***
Setelah melaksanakan ujian tengah semester, siswa disibukkan dengan adanya class meeting yang melibatkan para guru dan siswa dalam berbagai perlombaan yang diadakan mulai dari cerdas cermat sampai fashion show.
Hari itu di kelas Rin. Semua siswa diwajibkan untuk membuat kue yang nanti akan dibagikan kepada semua guru. Maka dari itu, selepas pulang sekolah Rin pun meminta Bunda untuk mengajarkan dirinya membuat kue. Saat Rin sudah kelelahan dan tertidur, Bunda ternyata masih melanjutkan proses pembuatan kue dan merelakan tidak tidur hingga jam 3 pagi untuk menyelesaikannya.
Keesokan harinya, Rin membawa kue bikinannya dengan senang dan berharap jika kuenya terpilih untuk disajikan pada guru. Namun, realitas terkadang tidak sesuai ekspektasi. Teman sekelasnya malah mencibir kue buatan Rin dan mengatakan jika kue itu tidak layak untuk dimakan karena tidak terjamin kualitasnya. Rin tentu sakit hati. Ia pun langsung bergegas pulang ke rumah sebelum sempat mengikuti class meeting sampai akhir.

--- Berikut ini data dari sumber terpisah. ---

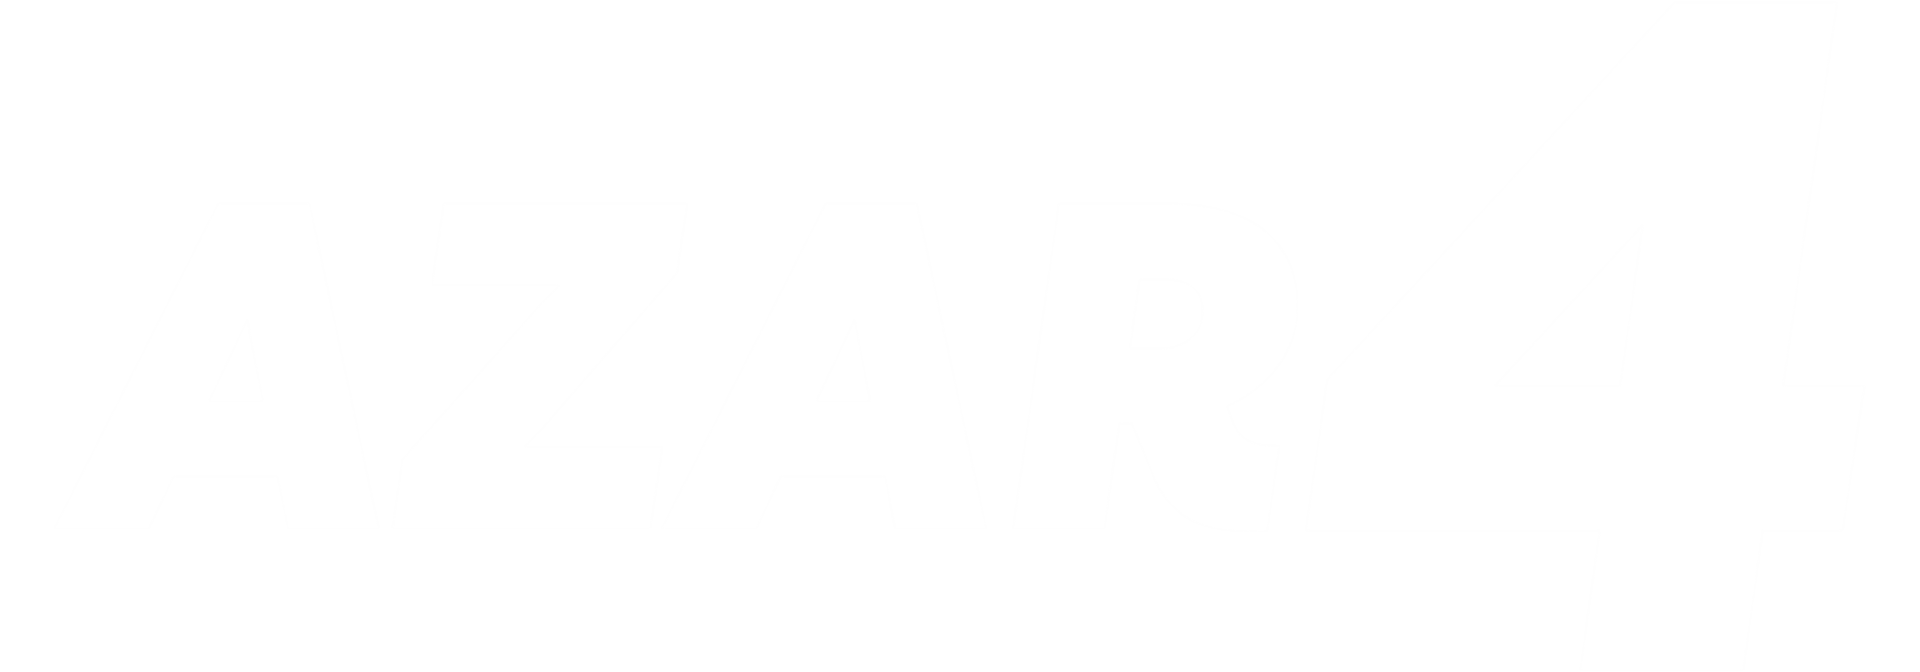 AZAR4 - azar background - azar4

Rin sebenarnya bukan orang yang mudah terbawa perasaan, tetapi ia sangat kecewa dengan perlakuan teman sekelas terhadapnya. Mereka terlalu memandang rendah Rin sampai tidak menghargai hasil jerih payah orang lain. Rin tidak masalah jika perkataan merendahkan itu ditujukan kepadanya, namun ia tidak terima jika menyangkut dengan bunda, apalagi bunda sampai begadang untuk menyelesaikan kue buatan Rin.
Tanpa sepengetahuan Rin, Cakra mengikuti kepergiannya, juga dengan menggunakan sepeda yang telah menemaninya beberapa waktu terakhir.
Gadis itu-Rin mengayuh sepedanya tanpa arah hanya berdasarkan sejauh mana pedal mampu dikayuh. Kadang ke kiri, kanan, atau hanya lurus di jalanan beraspal, namun sebisa mungkin tidak melenceng ke tengah jalan. Pikirannya masih melayang memikirkan kalimat yang akan ia ucapkan nanti kepada Bunda. Kenapa kuenya tidak habis? Apakah rasa kuenya tidak enak? Ataukah ada alasan lain atas pertanyaan yang akan diajukan oleh Bunda ketika melihat kue buatannya masih utuh tak tersentuh?
Huh...
Rin hanya bisa menghembuskan napas berkali-kali, berharap setiap benang kusut yang memenuhi pikirannya dapat terurai seiring karbondioksida yang dihembuskan keluar. Sama pikiran, begitu halnya dengan perasaan. Rin tidak bisa membayangkan bagaimana kecewanya bunda terhadapnya karena ia tidak bisa menyajikan kue tersebut pada guru-gurunya seperti rencana semula. Yah, itu masih lebih baik daripada rasa kecewa bunda jika mengetahui kue buatannya malah diperolok dan dianggap sebagai makanan yang tidak layak untuk dikonsumsi, pastinya Bunda akan merasa sangat sedih. Jika bunda sedih, otomatis Rin akan lebih sedih. Padahal, Rin menjamin seribu persen jika kue buatan bunda tidak kalah enak dan pastinya higienis untuk dikonsumsi, terbukti dengan banyaknya permintaan oleh pelanggan setia bunda. Sungguh, mereka belum beruntung bisa mencicipi rasa kastangel spesial Bunda.